Expert Hybrid System for Prediction of Protein Structure

Period of Performance: 04/01/1998 - 09/30/1998

Unknown

Phase 1 SBIR

Recipient Firm

Orincon Corp.
4770 Eastgate Mall
San Diego, CA 92121
Principal Investigator

Abstract

Knowledge-based methods for prediction of protein secondary and tertiary structure are still not accurate enough to warrant their application to practical problems. Integration of different computational paradigms may produce a substantial improvement in their performance. ORINCON proposes to design, construct, and test a multiple expert hybrid system for prediction of protein structure. In Phase I of this work, ORINCON will adapt its MultEx paradigm integration software architecture for the task of secondary structure prediction. The proposed system will integrate a number of standard prediction algorithms and will additionally include nonlocal information about the protein that is normally not used in secondary structure prediction, such as amino acid composition, partial experimental knowledge about the structure, etc.

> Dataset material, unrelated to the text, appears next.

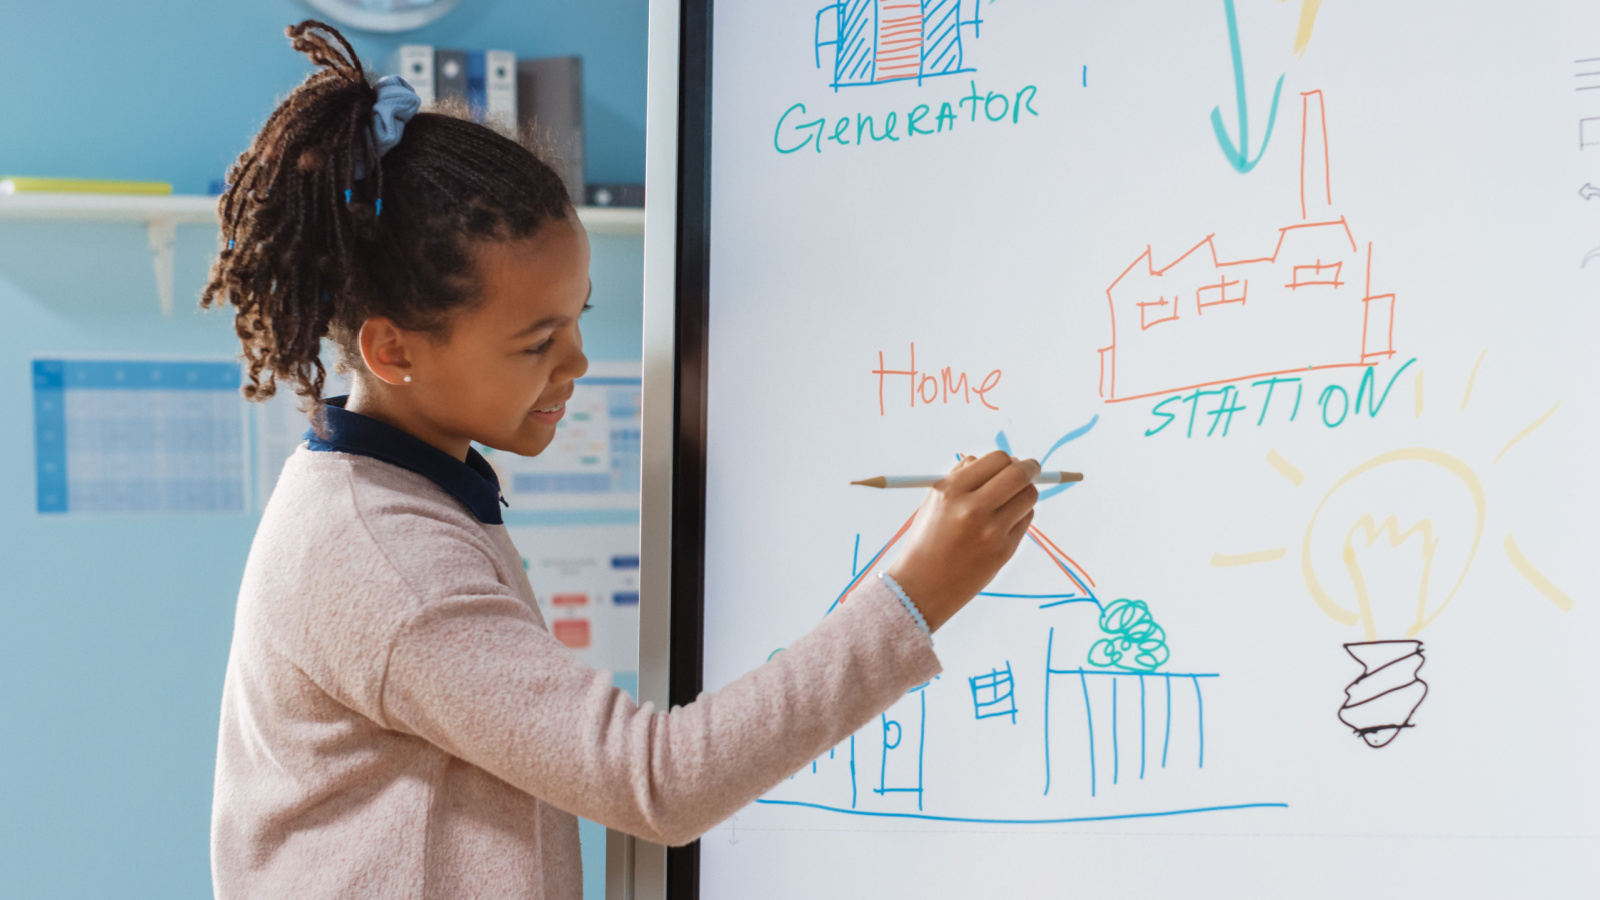 image credit: Gorodenkoff/Shutterstock <p><span>Smart pens capture your handwriting and sketches, converting them into digital files in real time. They’re perfect for students who prefer pen and paper but want the benefits of digital notes. Some models even record audio, syncing it with your notes for a comprehensive review tool. It’s like having a personal assistant meticulously organizing your thoughts.</span></p>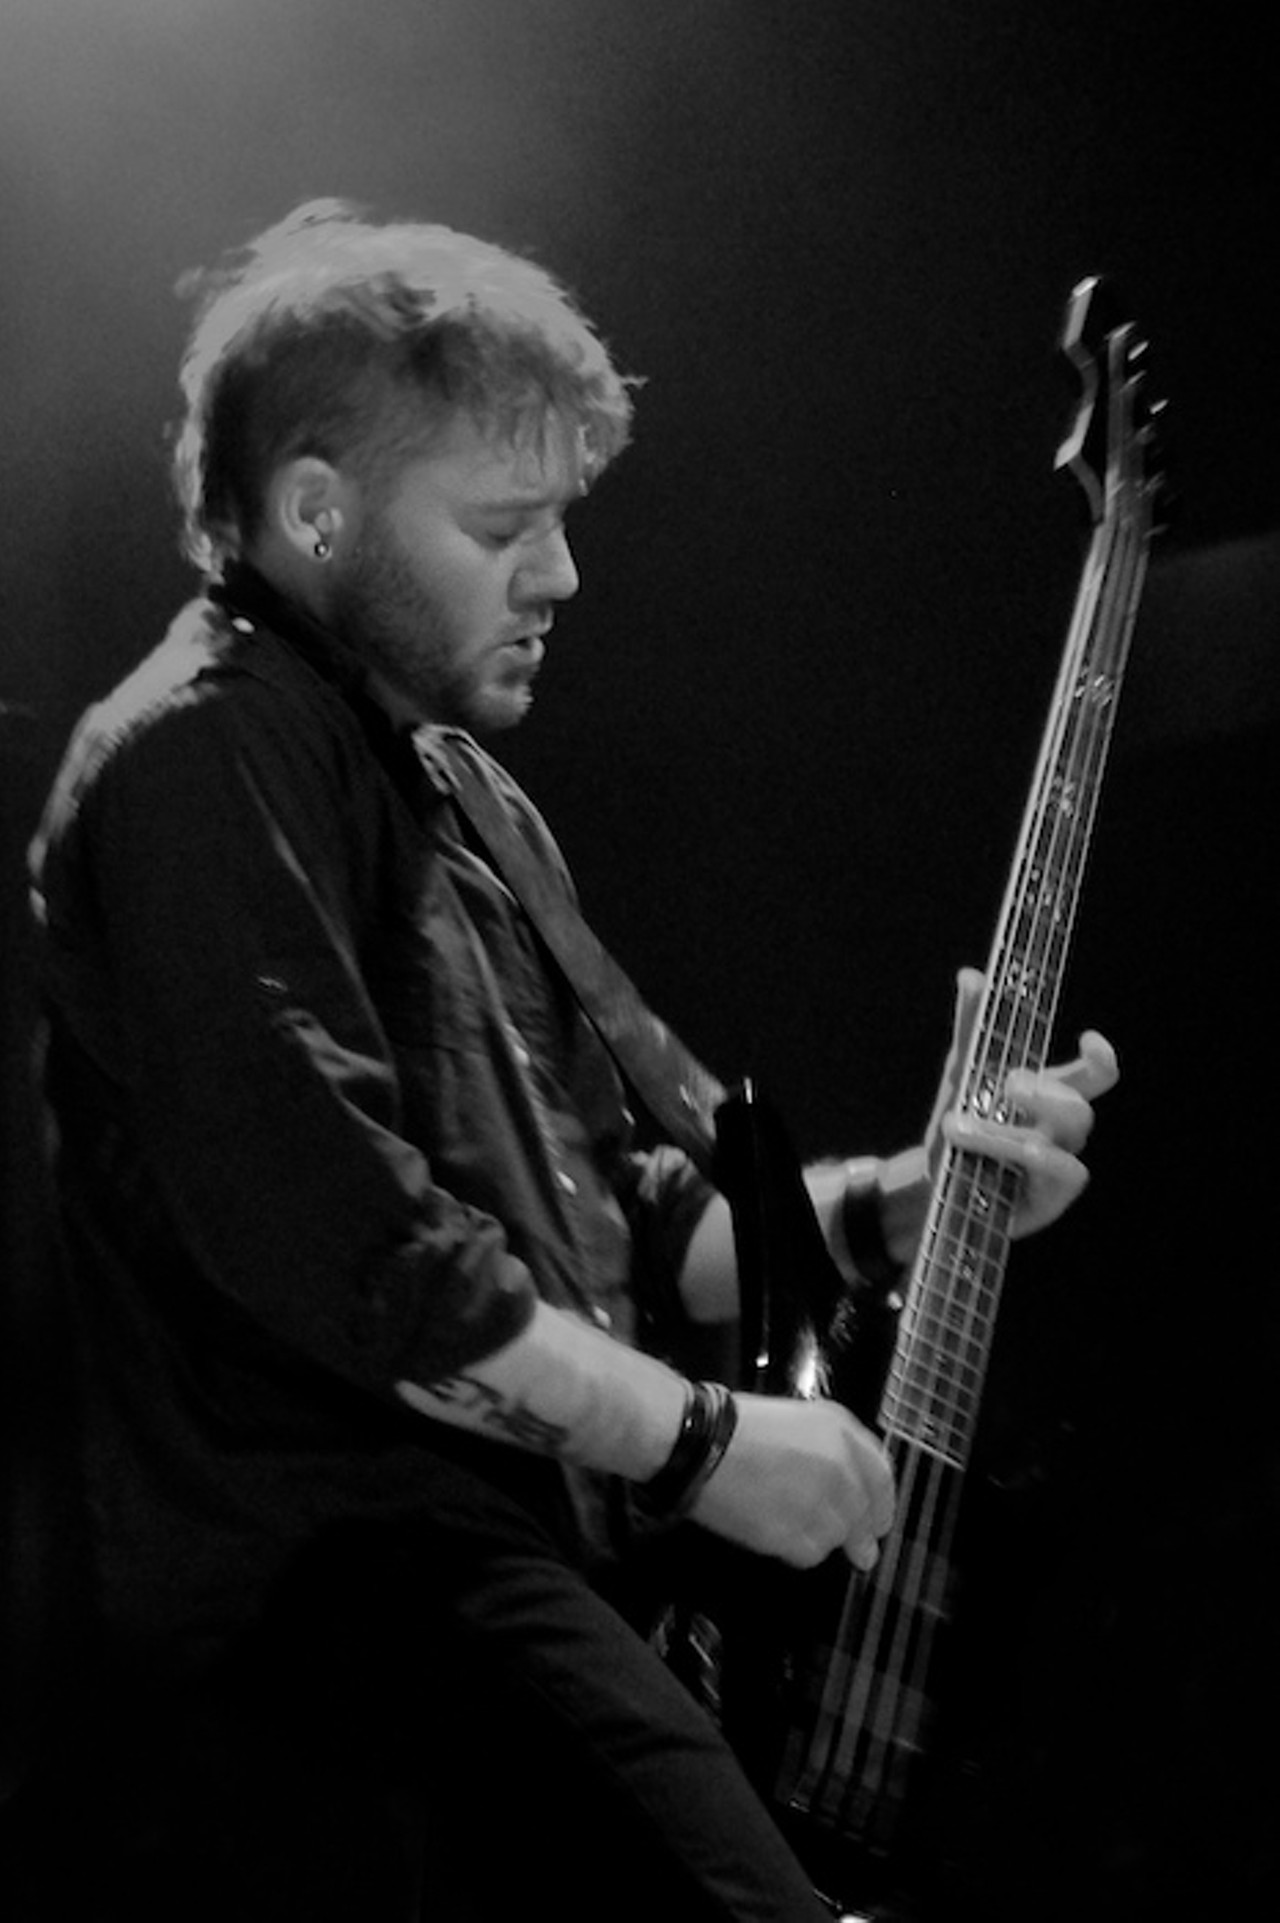 Seether at House of Blues

Such information is related to long-range interactions between the amino acid residues, which are thought to influence both tertiary and secondary structure. The aim of the Phase I work is to demonstrate the superiority of the hybrid approach and the feasibility of exploring the encoded empirical model to provide the means for improving prediction accuracy through the inclusion on nonlocal data. The results of this work will lead to recommendations for the Phase II program, in which the Protein MultEx system, a commercially viable software package for the prediction of protein secondary structure, will be fully developed and an analogous approach will be used for integration of tertiary structure prediction methods. PROPOSED COMMERCIAL APPLICATION Methods for protein structure prediction are needed to extract structural/functional information from the growing database of protein sequences. The Protein MultEx system will be a commercially viable product that should find application in development and testing of new protein structure prediction methods, in structural biology, and in structure-based drug design.